An evil plan formed it my head!!! While daemon was having a boggle
I sorted it all out. "I like your format big boy" i said. (I could
almost see his knees go floppy) The ps -A idea fell by the wayside
as the nasty idea grew. I sidled past him and hid a fork behind me
As he moved in for the kill, I grabbed the fork command from behind
my back and let him have it. He was well and truly forked now!
He didn't really stand a chance...
I gave EUNICE a call and told her all that had gone down.
"Great work SRUMAN!" she cried, "You've saved us"

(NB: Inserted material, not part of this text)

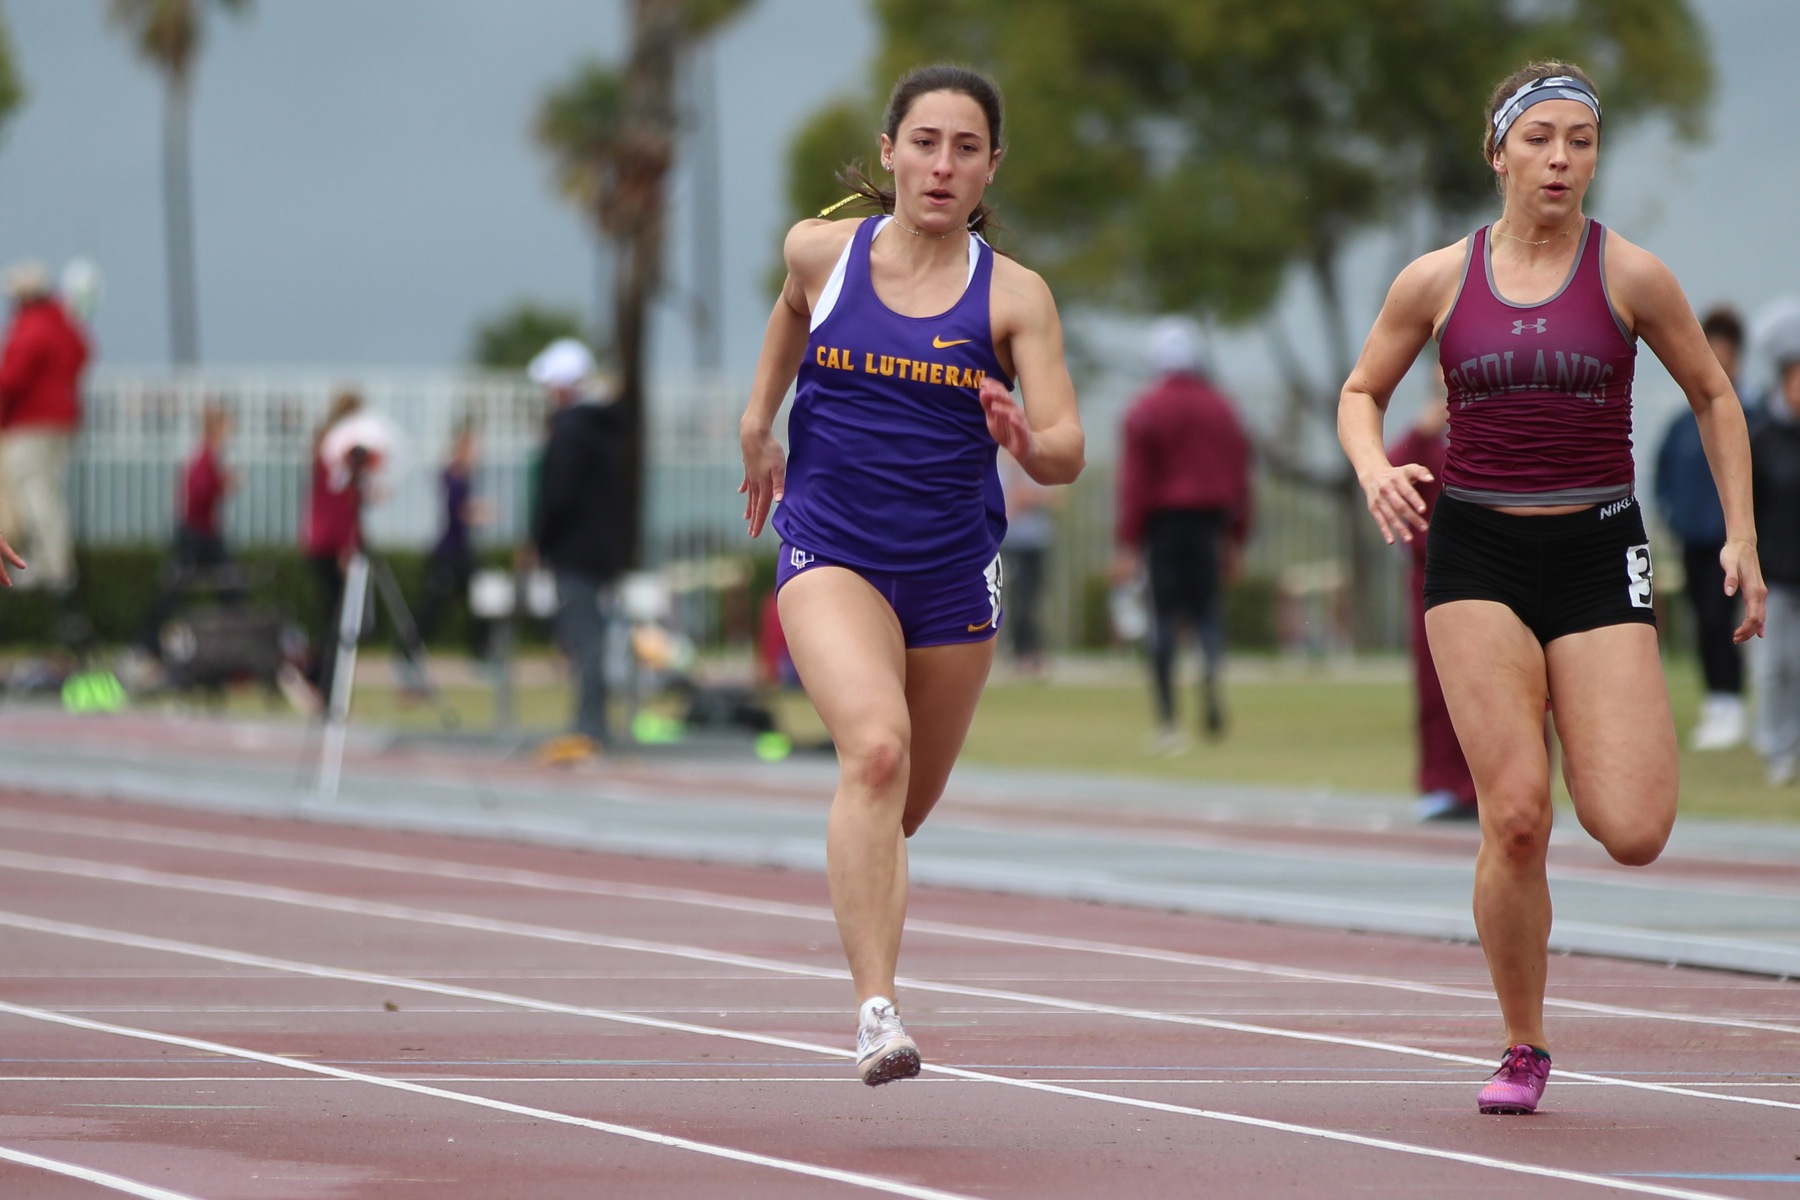 Regals Claim Six First-Place Finishes at SCIAC Multi-Dual No. 2

(I began to hate myself, as there was no saving EUNICE...)
"You can go HOME now..."
"fabs!" I cried
As I entered customs (and they have some very strange customs
around here), I started to get excited about returning to my
own enviroment. I decided to synchron with localtime so that
I could have some idea of what time had elapsed since I had
left.
---
The customs official looked at me with distaste as I said,
"I have a declaration to make"
"yes?" he asked
"VAR X:INTEGER;" I said, even though I knew he couldn't speak
PASCAL!!!
Aaaaaaghh!!!! It's so good to be back!!!
(Join our hero next time in Sruman, part 5)
Na-na na-na na-na na-na
Na-na na-na na-na na-na
BATCHMAN!
Bruce Swadeshoes and Robin Banks had caught the villans once
again. I wish my life was as easy as theirs! It was so easy on
the movies, all you had to do was load the batch queues and the
villans would come falling out! They had no idea what it was
like in the real system. They didn't have to pass descriptors
around the system to cache the criminals. But, enough of this
recreation, its back to work for SRUMAN, System Saviour Extraordinairre!
Sruman - Part V (CCC_SPT @ Waikato Uni '87-88)

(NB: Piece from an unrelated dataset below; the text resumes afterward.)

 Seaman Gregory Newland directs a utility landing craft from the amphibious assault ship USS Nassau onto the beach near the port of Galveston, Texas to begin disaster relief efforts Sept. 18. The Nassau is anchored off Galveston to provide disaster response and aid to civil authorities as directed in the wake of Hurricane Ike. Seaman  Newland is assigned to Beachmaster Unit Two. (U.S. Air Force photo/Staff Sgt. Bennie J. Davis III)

It was a normal day on the system. I hadn't seen any nefarious
activity at all, which in itself was pretty normal. My psuedo
apprentice LINK was coming along fine, although he tending to OBJECT
to the IMAGE that I had of him. I think he thought of me as some aged
wildcard, unable to perform any more of the sensitive OPERations that
had made me a directoryhold name throughout the System. And I think he
thought that I thought that he was a wet-behind-the-input-buffers young
process who wanted fame, fortune, and a steady income of quota. And he
was right, although that was a hell of a lot of thinking.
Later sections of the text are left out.